** Opening Material for the task block **
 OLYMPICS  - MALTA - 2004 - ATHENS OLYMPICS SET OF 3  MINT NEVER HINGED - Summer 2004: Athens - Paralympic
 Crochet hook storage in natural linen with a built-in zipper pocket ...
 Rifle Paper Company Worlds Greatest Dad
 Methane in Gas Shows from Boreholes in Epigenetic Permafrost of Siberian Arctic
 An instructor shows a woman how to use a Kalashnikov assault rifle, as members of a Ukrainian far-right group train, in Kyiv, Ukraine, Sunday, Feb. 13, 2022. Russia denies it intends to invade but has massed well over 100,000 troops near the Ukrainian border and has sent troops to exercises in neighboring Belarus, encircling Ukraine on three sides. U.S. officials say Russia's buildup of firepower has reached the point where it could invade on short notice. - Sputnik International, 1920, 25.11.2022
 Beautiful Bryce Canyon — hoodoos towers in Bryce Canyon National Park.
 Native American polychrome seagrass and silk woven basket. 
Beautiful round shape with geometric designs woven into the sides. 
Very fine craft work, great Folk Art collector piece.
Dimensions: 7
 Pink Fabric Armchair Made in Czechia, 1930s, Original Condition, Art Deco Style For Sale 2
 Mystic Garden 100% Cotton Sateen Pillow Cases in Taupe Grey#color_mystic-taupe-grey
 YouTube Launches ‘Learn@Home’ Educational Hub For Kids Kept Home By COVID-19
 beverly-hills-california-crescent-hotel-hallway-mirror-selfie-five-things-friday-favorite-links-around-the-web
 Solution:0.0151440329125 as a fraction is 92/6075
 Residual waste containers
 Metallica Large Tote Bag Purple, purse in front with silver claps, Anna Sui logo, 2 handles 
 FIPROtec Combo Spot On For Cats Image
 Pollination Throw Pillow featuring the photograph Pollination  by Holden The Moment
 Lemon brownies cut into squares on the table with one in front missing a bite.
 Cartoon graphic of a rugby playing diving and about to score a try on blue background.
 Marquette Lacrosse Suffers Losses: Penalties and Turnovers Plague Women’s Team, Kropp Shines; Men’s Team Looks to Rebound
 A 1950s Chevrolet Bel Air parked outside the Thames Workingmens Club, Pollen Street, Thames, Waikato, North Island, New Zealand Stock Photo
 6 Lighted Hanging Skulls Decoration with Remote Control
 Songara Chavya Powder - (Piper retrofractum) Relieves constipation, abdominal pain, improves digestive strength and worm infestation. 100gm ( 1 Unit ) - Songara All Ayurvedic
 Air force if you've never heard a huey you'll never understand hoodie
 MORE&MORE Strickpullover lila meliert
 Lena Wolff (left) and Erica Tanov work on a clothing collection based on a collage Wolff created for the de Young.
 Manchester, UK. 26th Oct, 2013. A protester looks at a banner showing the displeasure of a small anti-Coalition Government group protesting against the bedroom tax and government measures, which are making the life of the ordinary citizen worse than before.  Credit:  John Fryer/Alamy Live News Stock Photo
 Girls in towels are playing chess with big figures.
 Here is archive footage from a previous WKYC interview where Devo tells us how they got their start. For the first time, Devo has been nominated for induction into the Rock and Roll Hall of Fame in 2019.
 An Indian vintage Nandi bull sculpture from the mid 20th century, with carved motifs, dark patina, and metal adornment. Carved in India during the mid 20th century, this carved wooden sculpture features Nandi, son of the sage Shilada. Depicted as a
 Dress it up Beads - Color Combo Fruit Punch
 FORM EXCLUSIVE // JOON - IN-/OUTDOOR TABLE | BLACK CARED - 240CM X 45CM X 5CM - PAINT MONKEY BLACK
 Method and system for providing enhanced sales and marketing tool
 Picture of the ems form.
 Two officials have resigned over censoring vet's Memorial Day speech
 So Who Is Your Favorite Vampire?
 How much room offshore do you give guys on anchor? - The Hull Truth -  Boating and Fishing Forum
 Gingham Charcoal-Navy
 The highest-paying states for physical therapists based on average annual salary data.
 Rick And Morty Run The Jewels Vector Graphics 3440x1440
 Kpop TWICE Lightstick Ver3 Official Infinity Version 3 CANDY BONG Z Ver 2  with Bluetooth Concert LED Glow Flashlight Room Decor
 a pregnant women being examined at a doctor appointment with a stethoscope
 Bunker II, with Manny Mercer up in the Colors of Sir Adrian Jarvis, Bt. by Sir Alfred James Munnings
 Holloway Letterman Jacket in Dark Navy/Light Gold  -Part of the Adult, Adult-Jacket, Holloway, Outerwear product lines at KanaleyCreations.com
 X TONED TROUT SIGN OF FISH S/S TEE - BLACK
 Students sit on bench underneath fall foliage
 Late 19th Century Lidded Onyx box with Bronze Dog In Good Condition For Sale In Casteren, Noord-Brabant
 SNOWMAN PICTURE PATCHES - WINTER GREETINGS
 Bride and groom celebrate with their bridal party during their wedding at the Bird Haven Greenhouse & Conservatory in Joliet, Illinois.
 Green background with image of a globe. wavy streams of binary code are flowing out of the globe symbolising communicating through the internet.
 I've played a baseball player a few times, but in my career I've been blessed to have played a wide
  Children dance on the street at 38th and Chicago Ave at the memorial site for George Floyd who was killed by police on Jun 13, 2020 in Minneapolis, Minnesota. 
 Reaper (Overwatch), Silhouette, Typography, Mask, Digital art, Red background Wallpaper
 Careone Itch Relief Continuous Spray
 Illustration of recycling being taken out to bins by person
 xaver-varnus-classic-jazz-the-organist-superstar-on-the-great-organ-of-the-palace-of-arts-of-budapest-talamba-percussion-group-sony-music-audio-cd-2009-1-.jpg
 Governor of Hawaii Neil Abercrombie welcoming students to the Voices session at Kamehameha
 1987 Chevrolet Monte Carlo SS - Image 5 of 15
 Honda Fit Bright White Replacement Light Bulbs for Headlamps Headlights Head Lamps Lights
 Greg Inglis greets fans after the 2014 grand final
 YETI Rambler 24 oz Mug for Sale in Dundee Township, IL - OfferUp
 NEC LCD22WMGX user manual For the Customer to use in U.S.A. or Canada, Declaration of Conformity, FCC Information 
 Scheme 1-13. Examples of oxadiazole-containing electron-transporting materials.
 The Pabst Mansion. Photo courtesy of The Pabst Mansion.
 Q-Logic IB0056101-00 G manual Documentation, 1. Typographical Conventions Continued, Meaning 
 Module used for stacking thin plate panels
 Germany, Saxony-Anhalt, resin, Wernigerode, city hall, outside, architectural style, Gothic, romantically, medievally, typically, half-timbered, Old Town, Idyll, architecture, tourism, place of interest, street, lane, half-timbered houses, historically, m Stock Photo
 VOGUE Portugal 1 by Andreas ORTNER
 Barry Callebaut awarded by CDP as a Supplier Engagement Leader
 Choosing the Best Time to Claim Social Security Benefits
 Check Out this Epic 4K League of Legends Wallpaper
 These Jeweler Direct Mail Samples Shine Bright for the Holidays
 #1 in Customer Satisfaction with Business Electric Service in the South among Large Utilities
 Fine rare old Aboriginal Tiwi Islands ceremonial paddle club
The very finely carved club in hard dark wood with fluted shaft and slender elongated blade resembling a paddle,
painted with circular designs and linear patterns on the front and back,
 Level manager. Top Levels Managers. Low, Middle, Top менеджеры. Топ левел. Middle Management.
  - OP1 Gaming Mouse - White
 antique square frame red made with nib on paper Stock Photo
** Closing Material for the task block **
## Exercise goal
Out of the entries above, write out only the lines between the line holding "Manchester, UK. 26th" and the line holding "Girls in towels", inclusive, each exactly as given.

## Answer to this problem
 Manchester, UK. 26th Oct, 2013. A protester looks at a banner showing the displeasure of a small anti-Coalition Government group protesting against the bedroom tax and government measures, which are making the life of the ordinary citizen worse than before.  Credit:  John Fryer/Alamy Live News Stock Photo
 Girls in towels are playing chess with big figures.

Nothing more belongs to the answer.